How can we be sure that some of Euclid’s five axioms are not in fact theorems, which can be deduced from a smaller set of axioms? For over two millennia it had been suspected that Euclid’s fifth axiom - the parallel postulate - could be deduced from the first four. The matter was put to a close in the 19th century by Nikolai Lobachevsky, Janos Bolyai and Carl Friedrich Gauss, who gave an example of a non–Euclidean geometry consistent with the first four axioms. In this example, which now bears the name of hyperbolic geometry, the parallel axiom, however, does not hold.

Figure 4: The parallel postulate.

Figure 4: The parallel postulate.

Figure 5: Escher’s Circle LimitIV. A model of hyperbolic geometry.

Figure 5: Escher’s Circle LimitIV. A model of hyperbolic geometry.

Figure 6: Infinitely many parallel lines.

Figure 6: Infinitely many parallel lines.

The arena for hyperbolic geometry is a disc: the interior of a circle. The 20th century Dutch artist M. C. Escher represented this geometry on such a disc tiled with infinitely many angels and devils. Points on the boundary are infinitely far apart - the notion of the distance is distorted in hyperbolic geometry. The analogues of straight lines are diameters of the bounding circle, and circular arcs intersecting this boundary at right angles. Six such arcs have been drawn on Figure 5. The arcs and diameters are called the hyperbolic lines, and any two points inside the disc can be connected by a unique hyperbolic line.

Given a hyperbolic line l, and a point P inside the disc, and not on this line, there are infinitely many hyperbolic lines through P which do not intersect l. These hyperbolic lines are therefore parallel to l, and some of them are shown on Figure 6. This shows that hyperbolic geometry, while obeying the first four of Euclid’s axioms, violates the fifth one. It is therefore impossible to deduce Euclid’s parallel axiom from the first four, for if it could be deduced, then it would also hold in hyperbolic geometry, which is not true.

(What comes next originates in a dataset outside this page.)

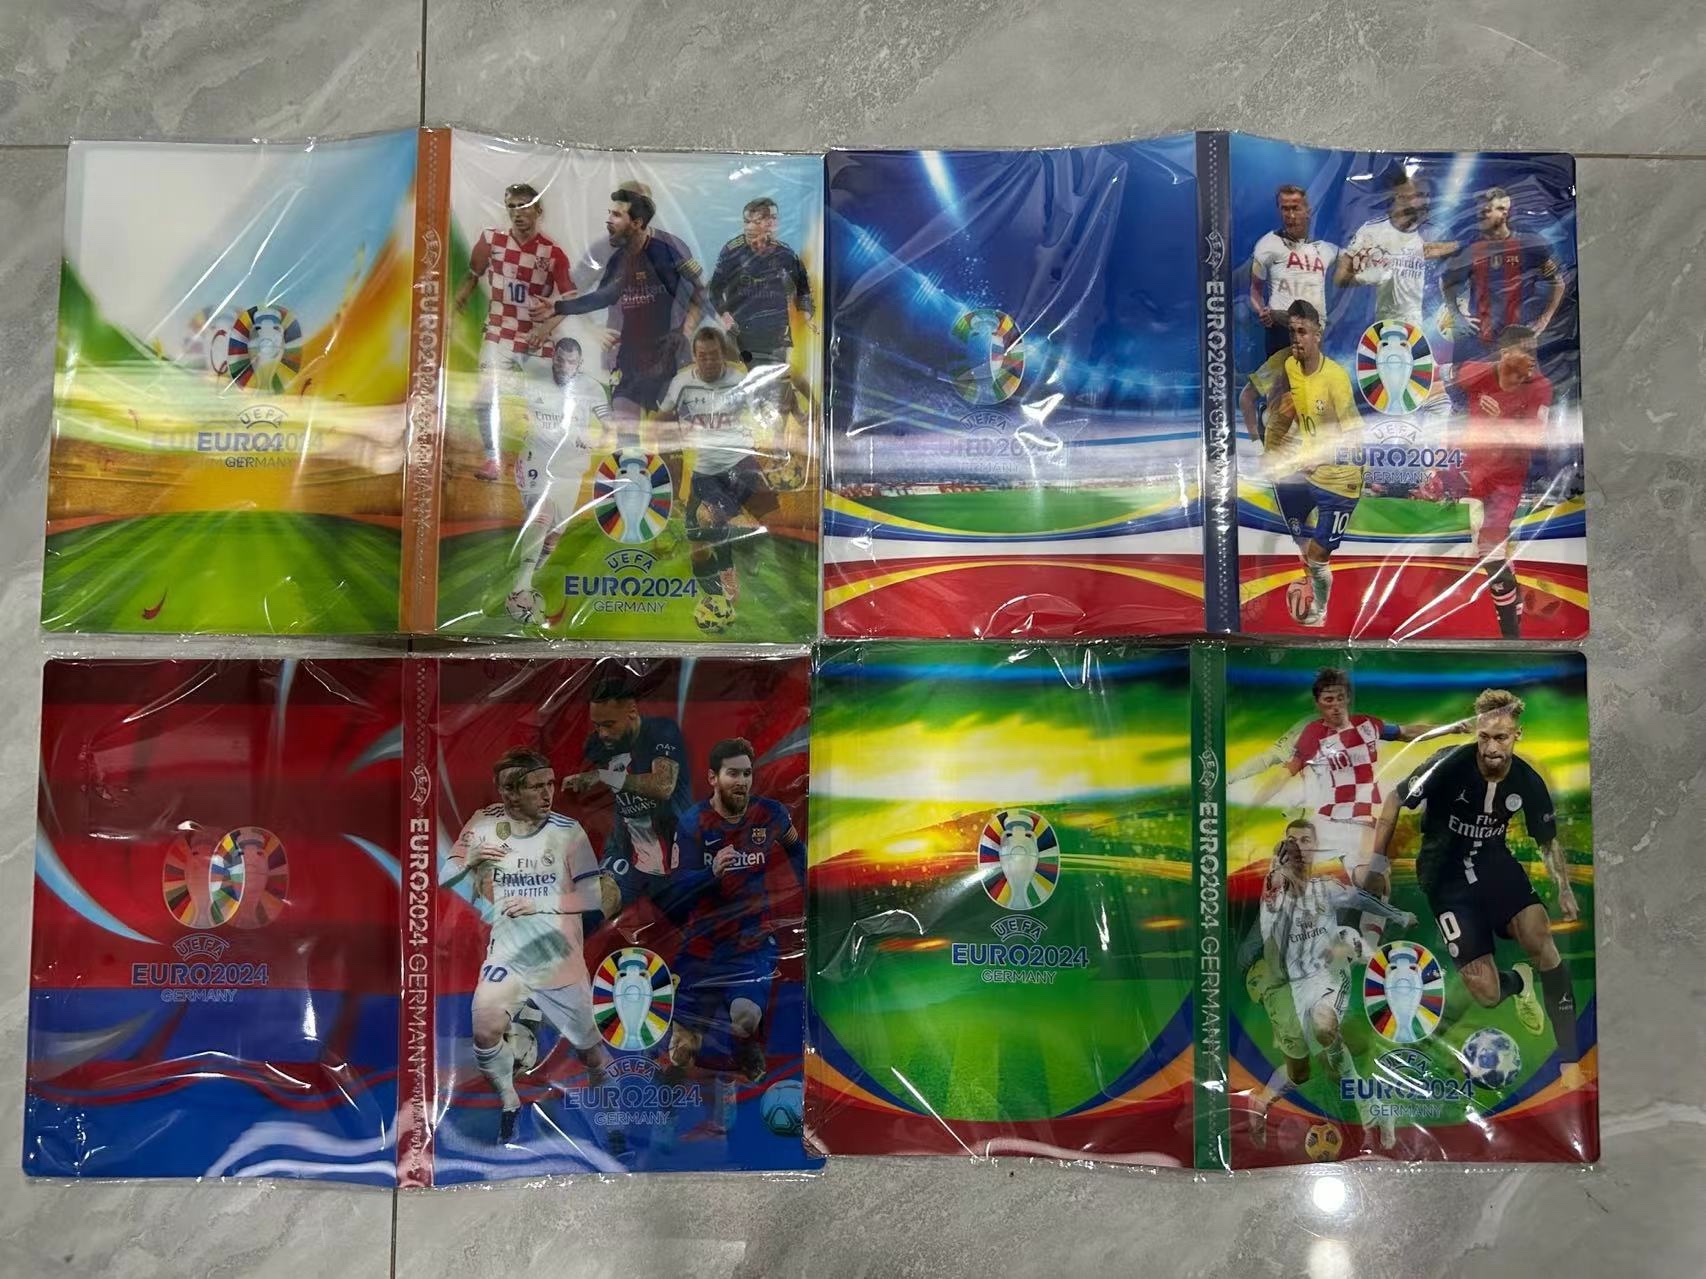 卡片收集卡册 收集卡片 9格4格Pokémon小精灵收集卡册足球手机卡册卡片产品图
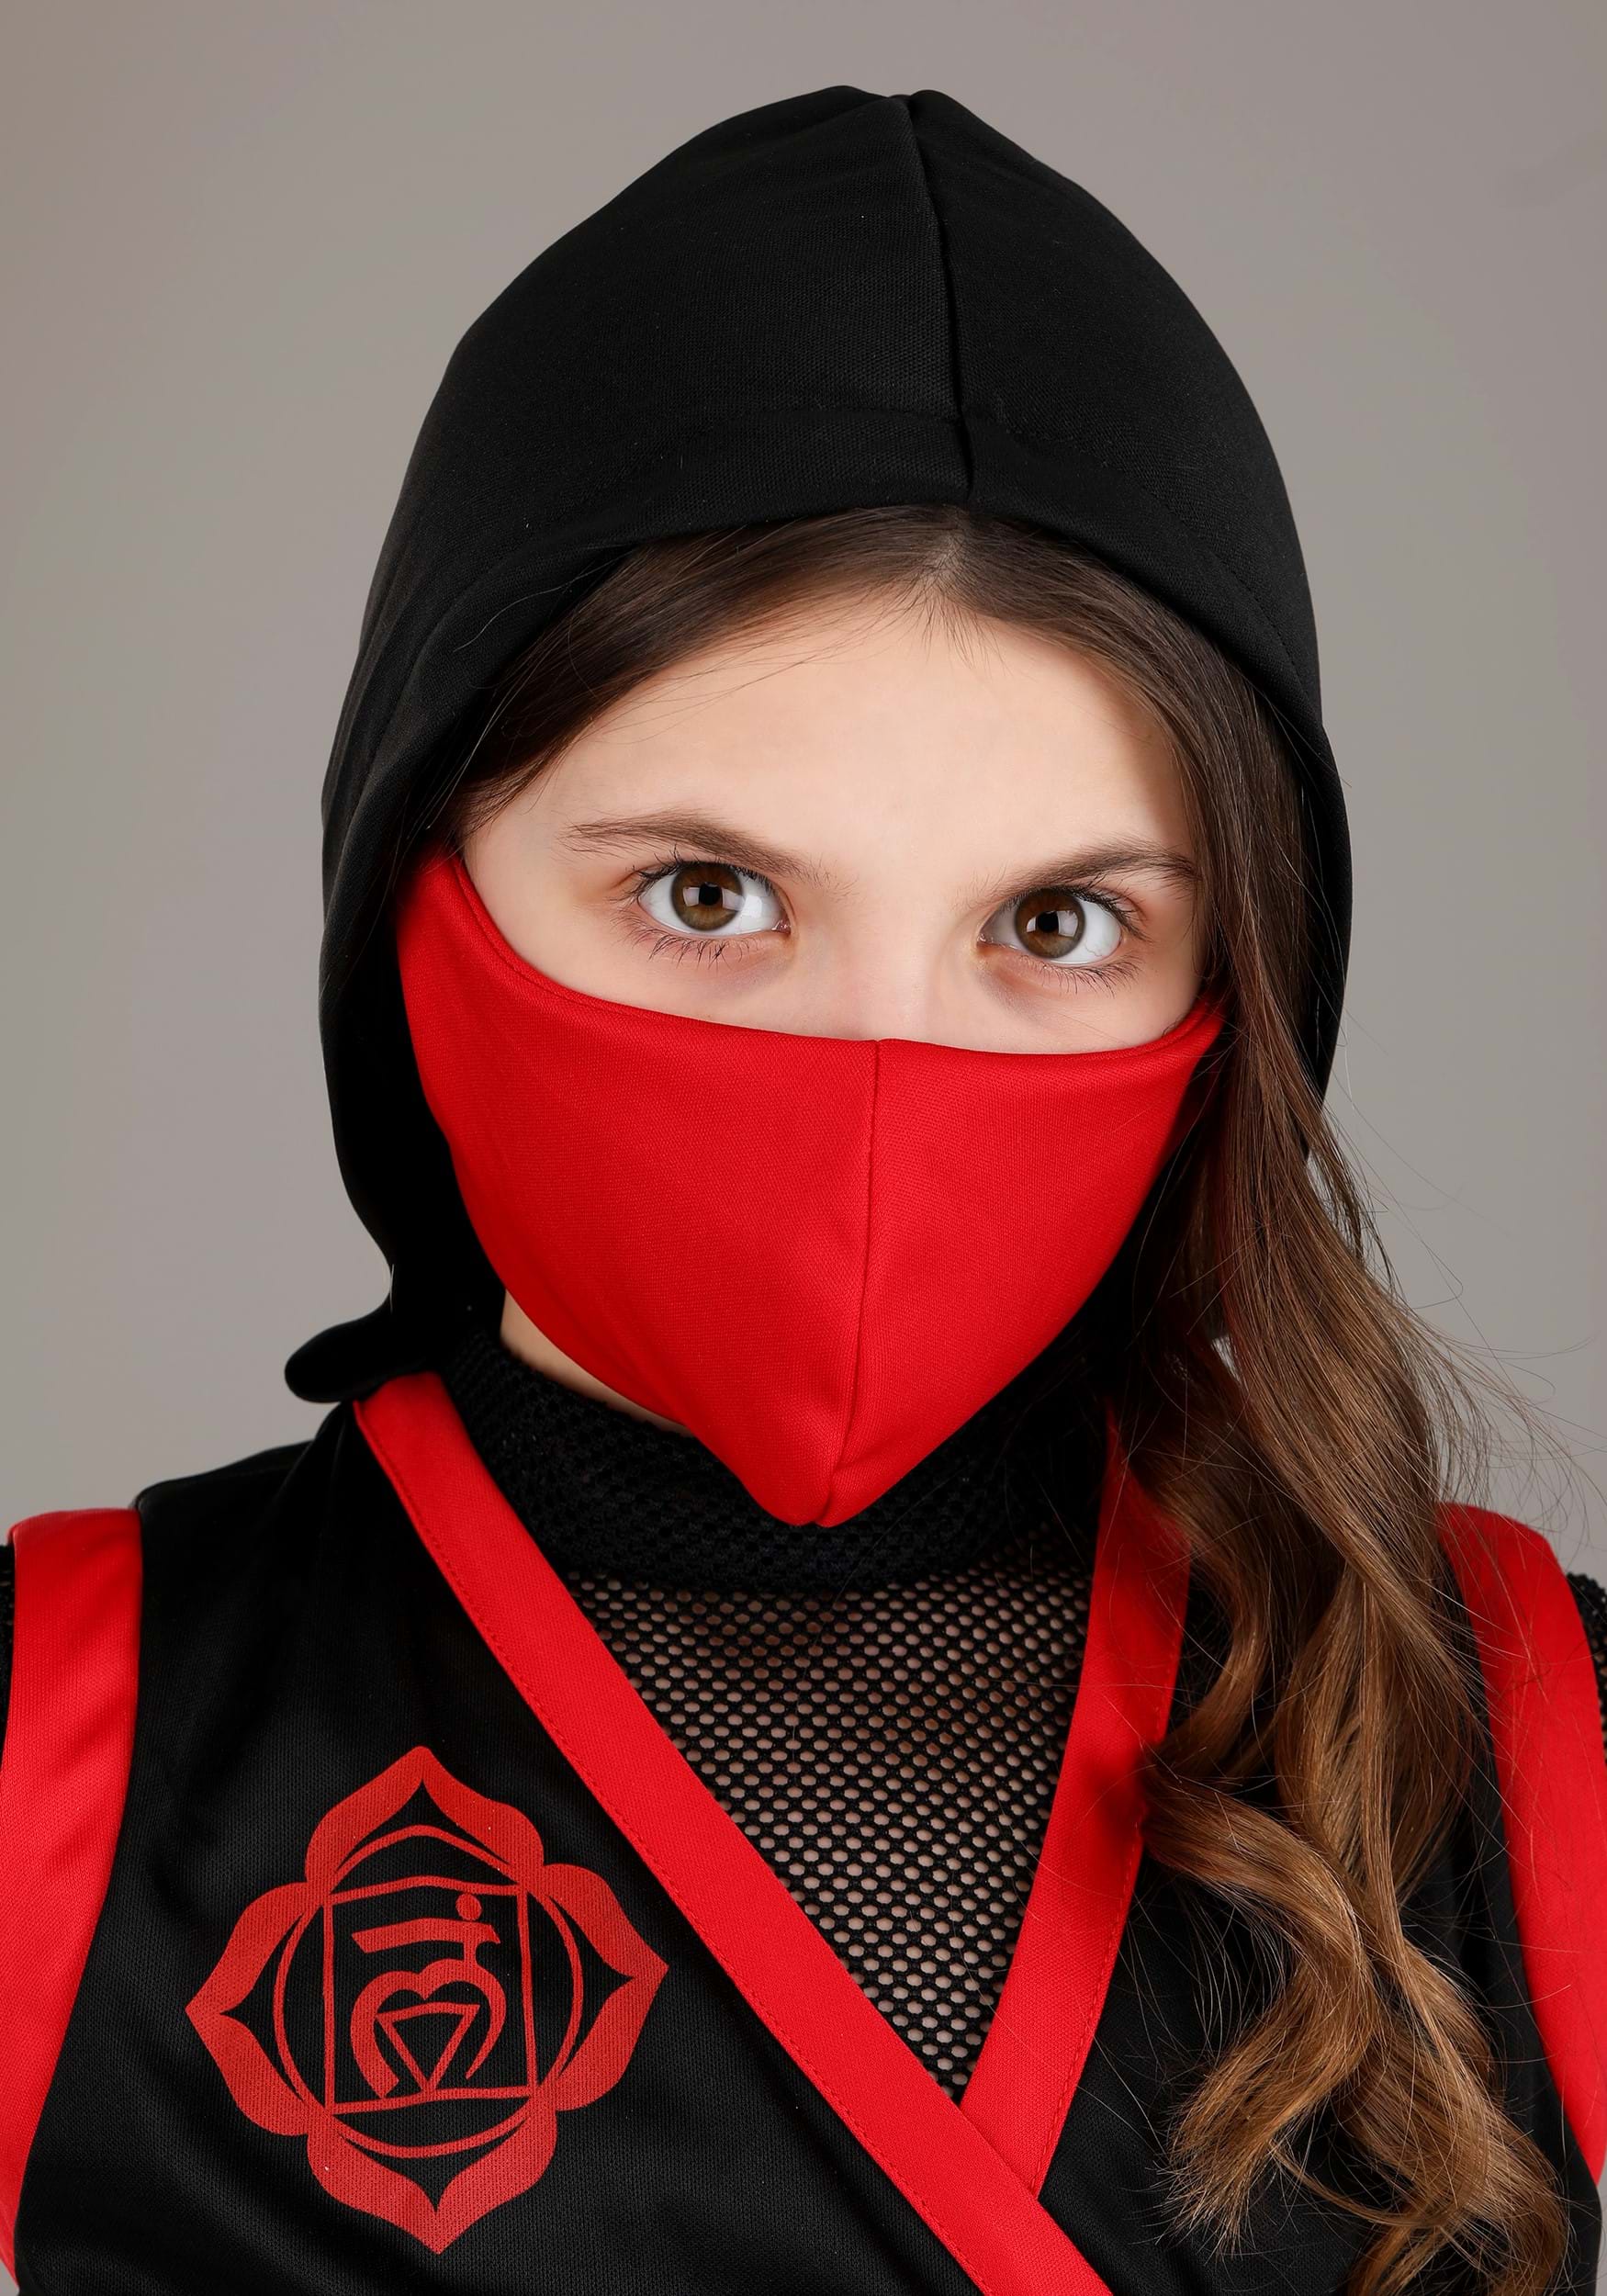 Stealth Ninja Costume For Girls

The devils close to the boundary circle in Figure 5 appear smaller than those near the centre of the disc, but the hyperbolic area and height of each devil from head to tail are the same when hyperbolic distance, rather than Euclidean distance, is used. All the devils, even those which appear close to the boundary from the Euclidean perspective, are actually infinitely far from the boundary circle. It may seem to us that the devils reside inside a circle, but for them there is no ‘outside’, as the circle is infinitely large from a hyperbolic perspective. We have been fooled by our Euclidean intuition!

References
[1] The Thirteen Books of Euclid’s Elements, translation and commentaries by Thomas Heath, (1956) Dover Publications.
[2] M.C. Escher: The Graphic Work. M.C. Escher and Bruce Brooks Pfeiffer (Editor). (2001) Taschen.
[3] Geometry: A Very Short Introduction. M. Dunajski, (2022). Oxford University Press.